• **Items listed in a dataset**:
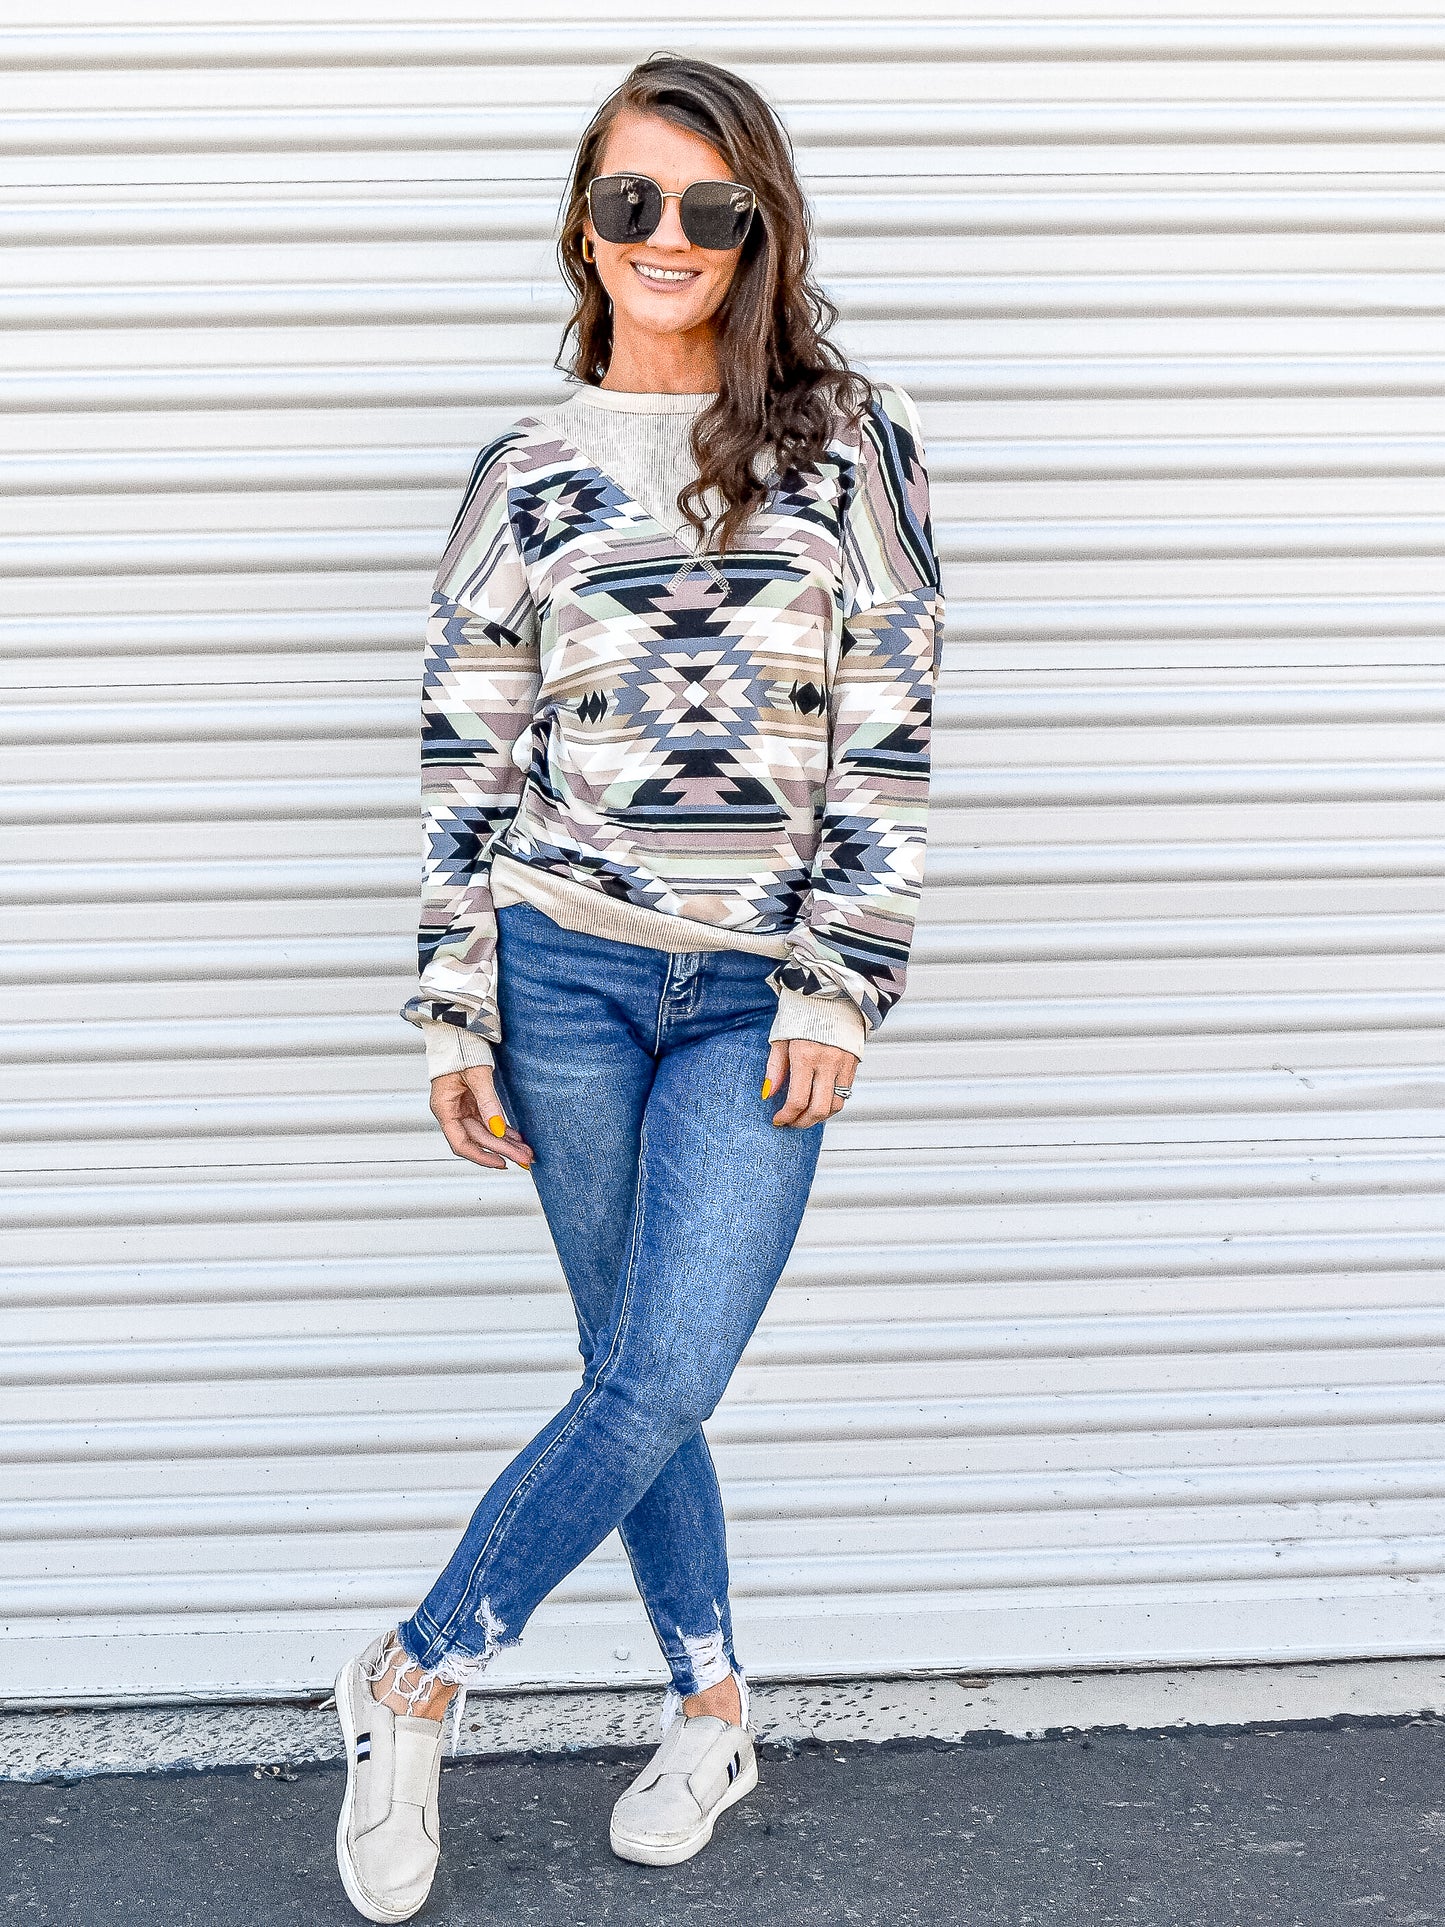 Aztec long sleep top styled casually with jeans and walking shoes
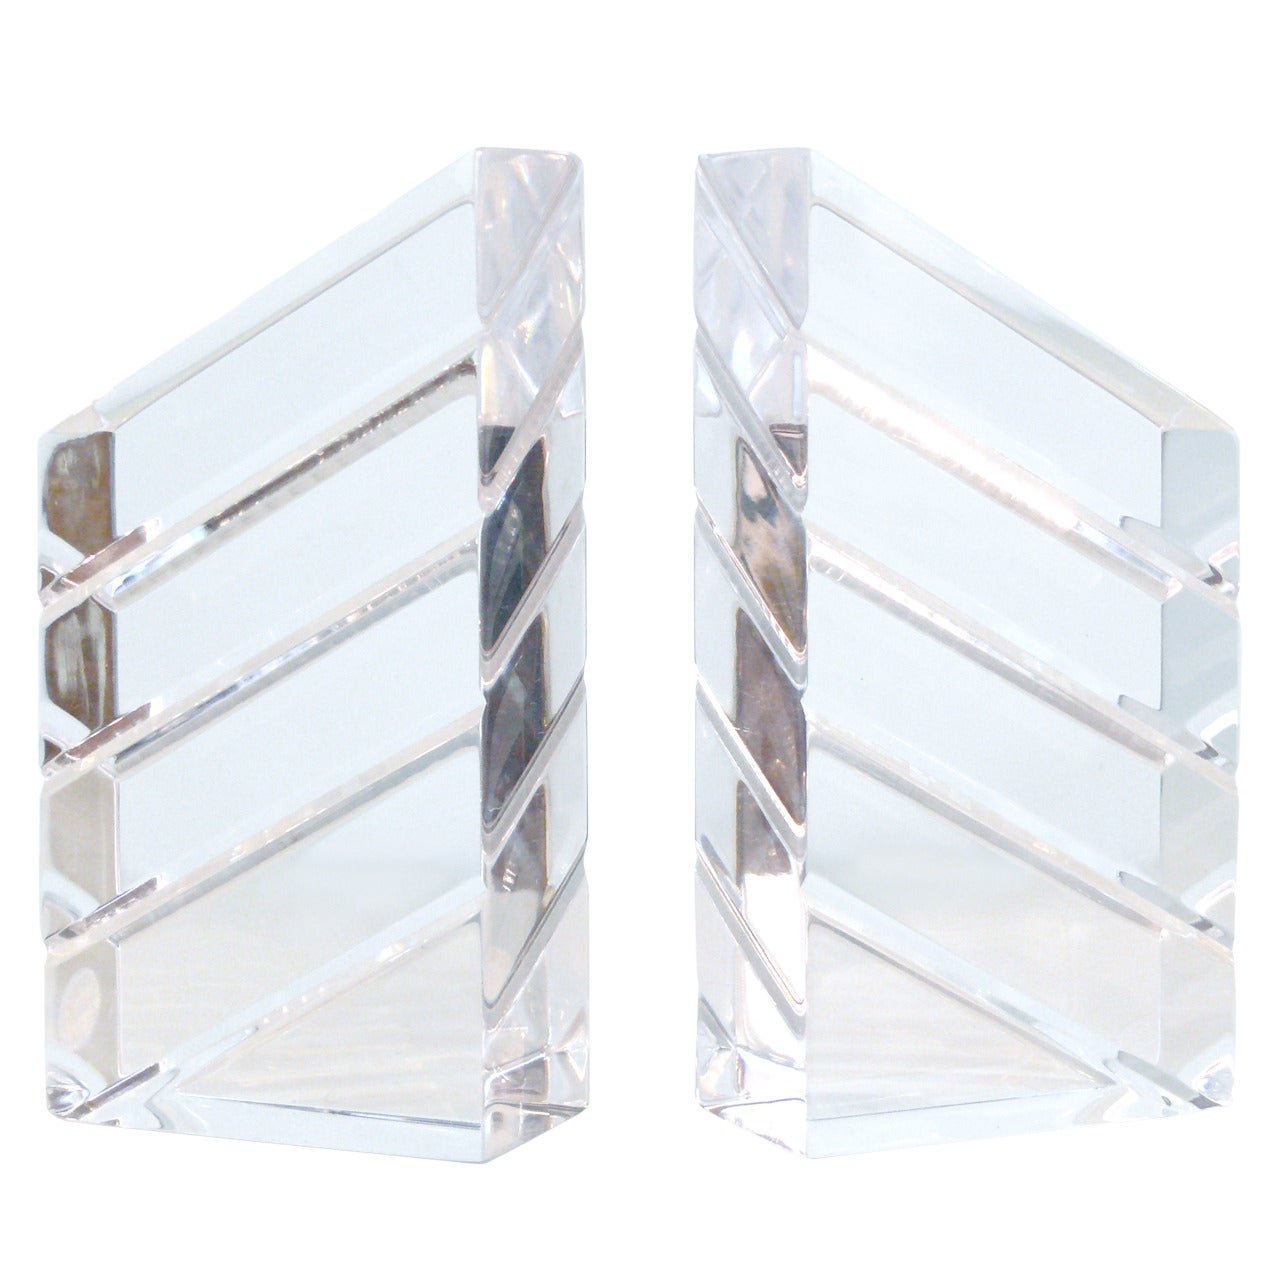 Pair of Acrylic Sculptural Bookends Signed Astrolite
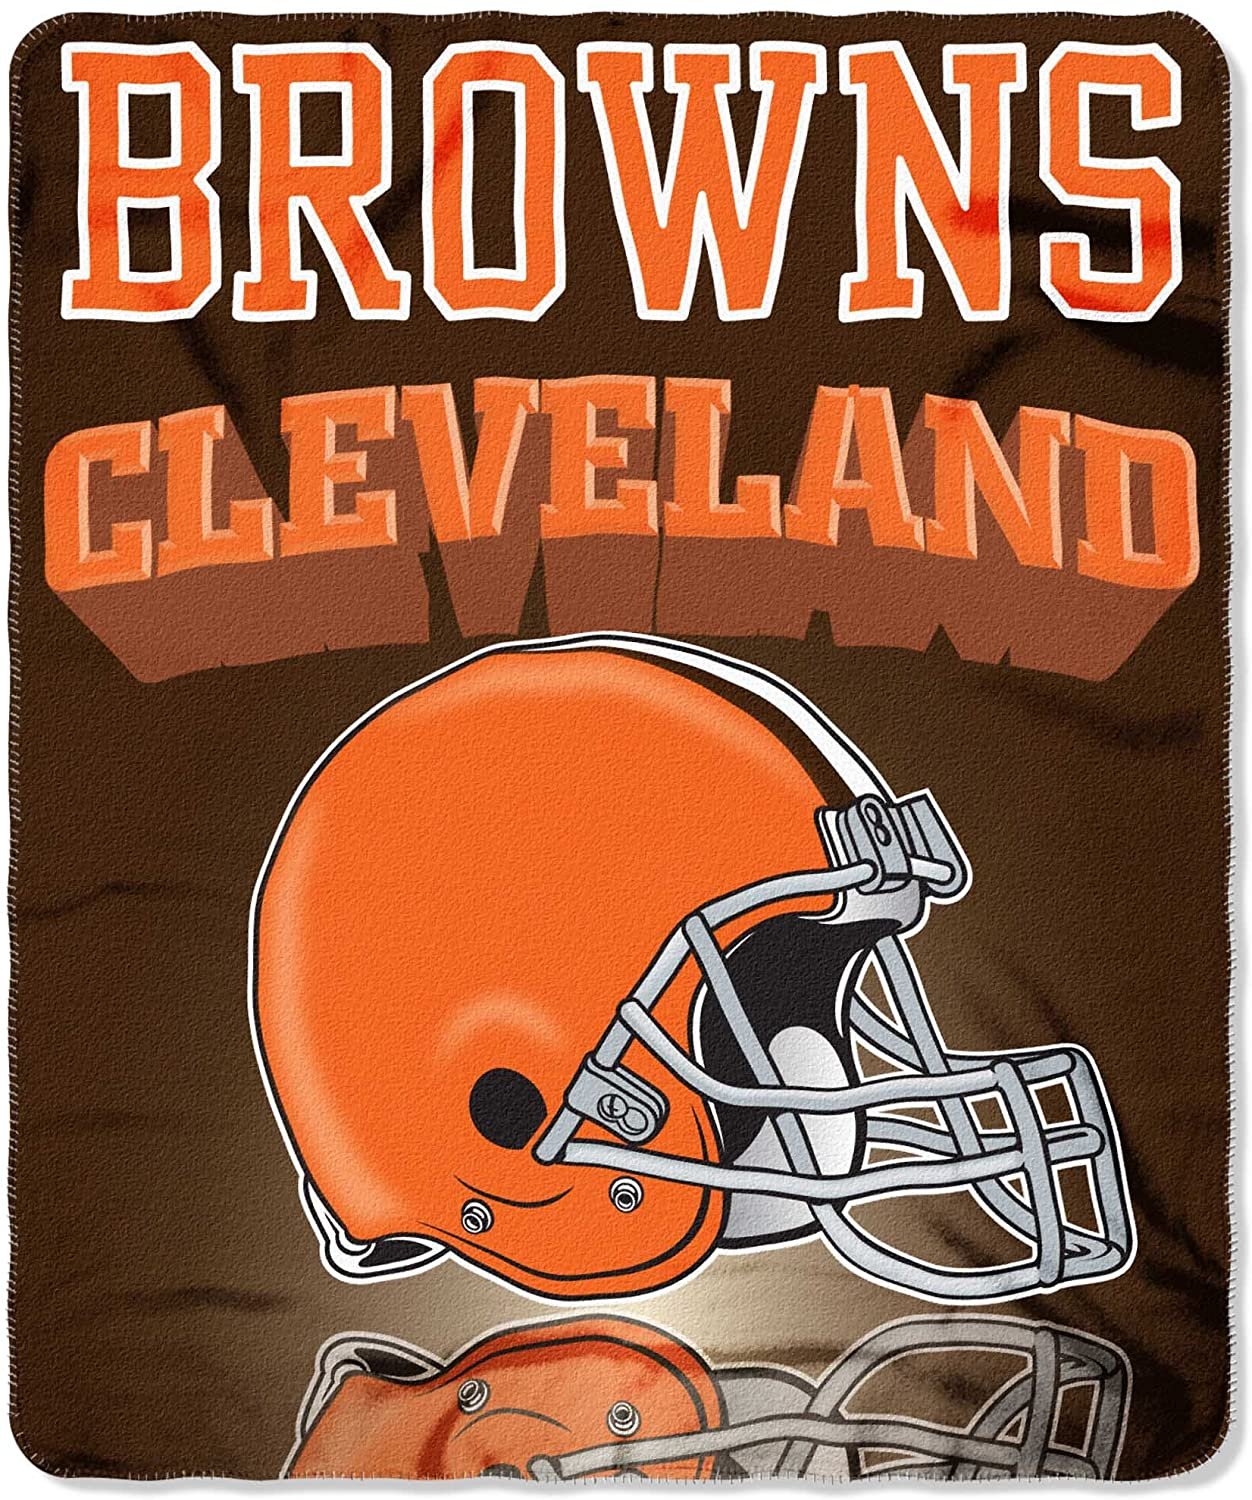 Cleveland Browns Gridiron Fleece Throw, 50-inches x 60-inches
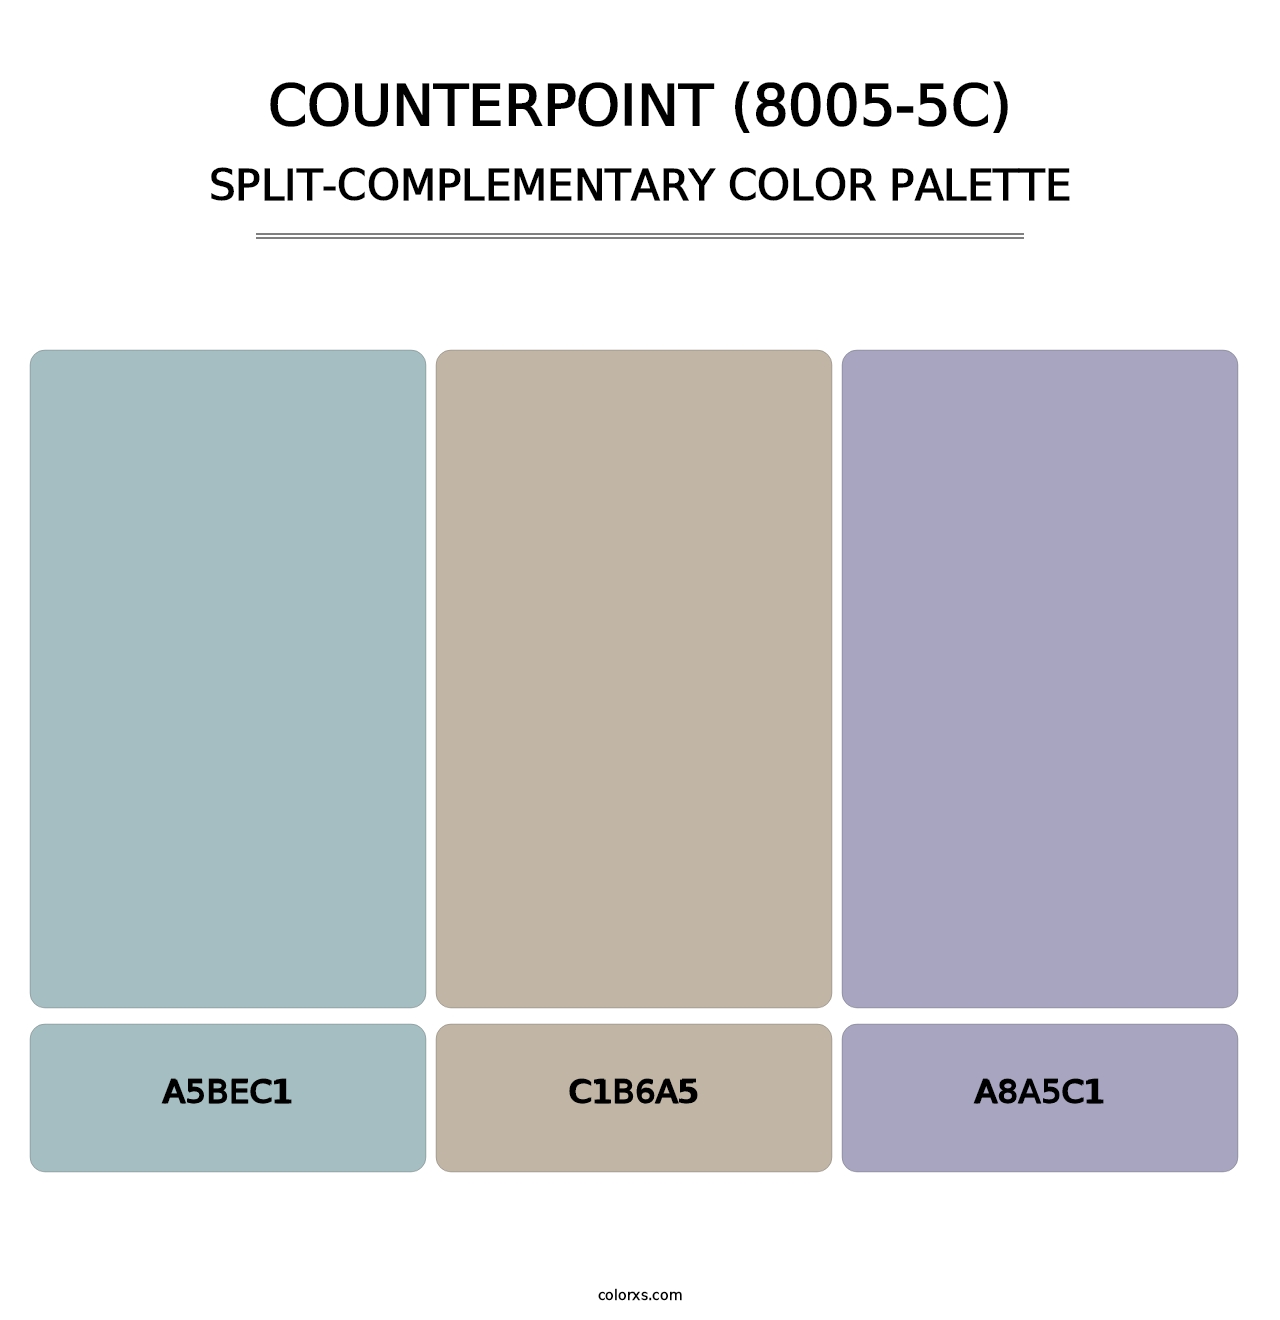 Counterpoint (8005-5C) - Split-Complementary Color Palette
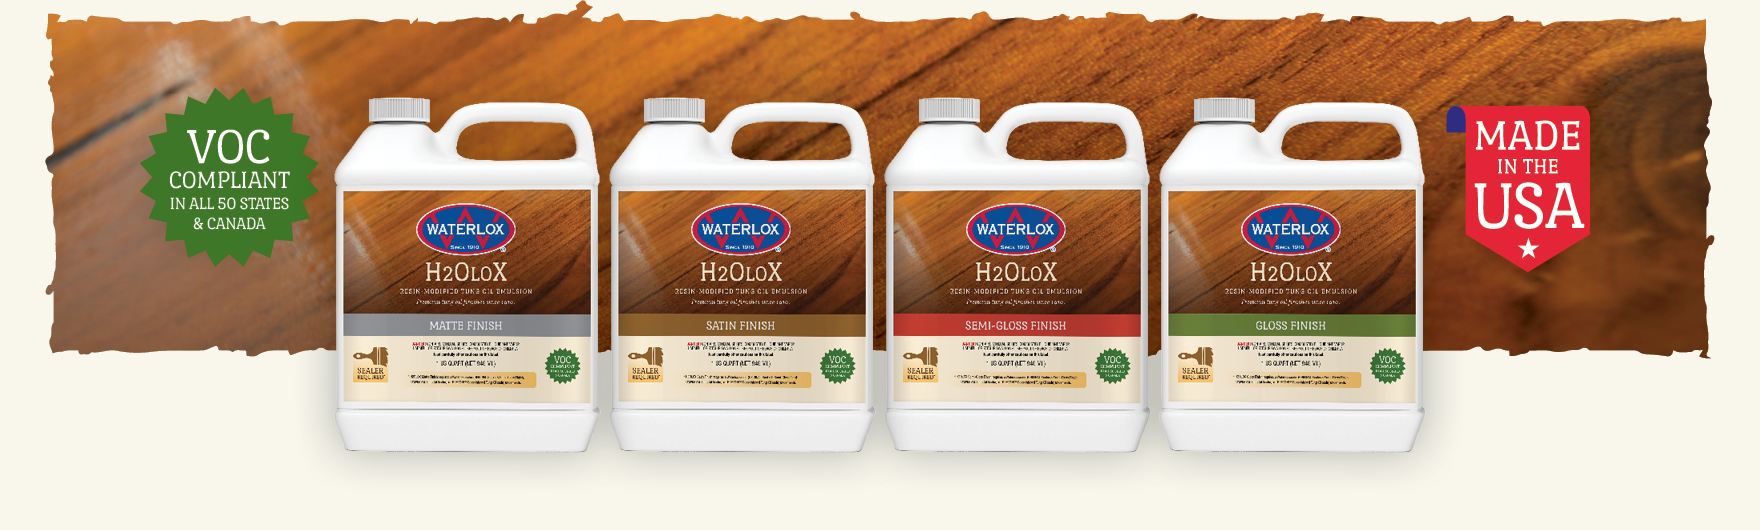 H2OLOX® Product Family

• **Work request**:
Each entry above needs to be restated without a single word changed; skip the images.

• **Task output**:
 Aztec long sleep top styled casually with jeans and walking shoes
 Pair of Acrylic Sculptural Bookends Signed Astrolite
 Cleveland Browns Gridiron Fleece Throw, 50-inches x 60-inches
 Counterpoint (8005-5C) - Split-Complementary Color Palette
 H2OLOX® Product Family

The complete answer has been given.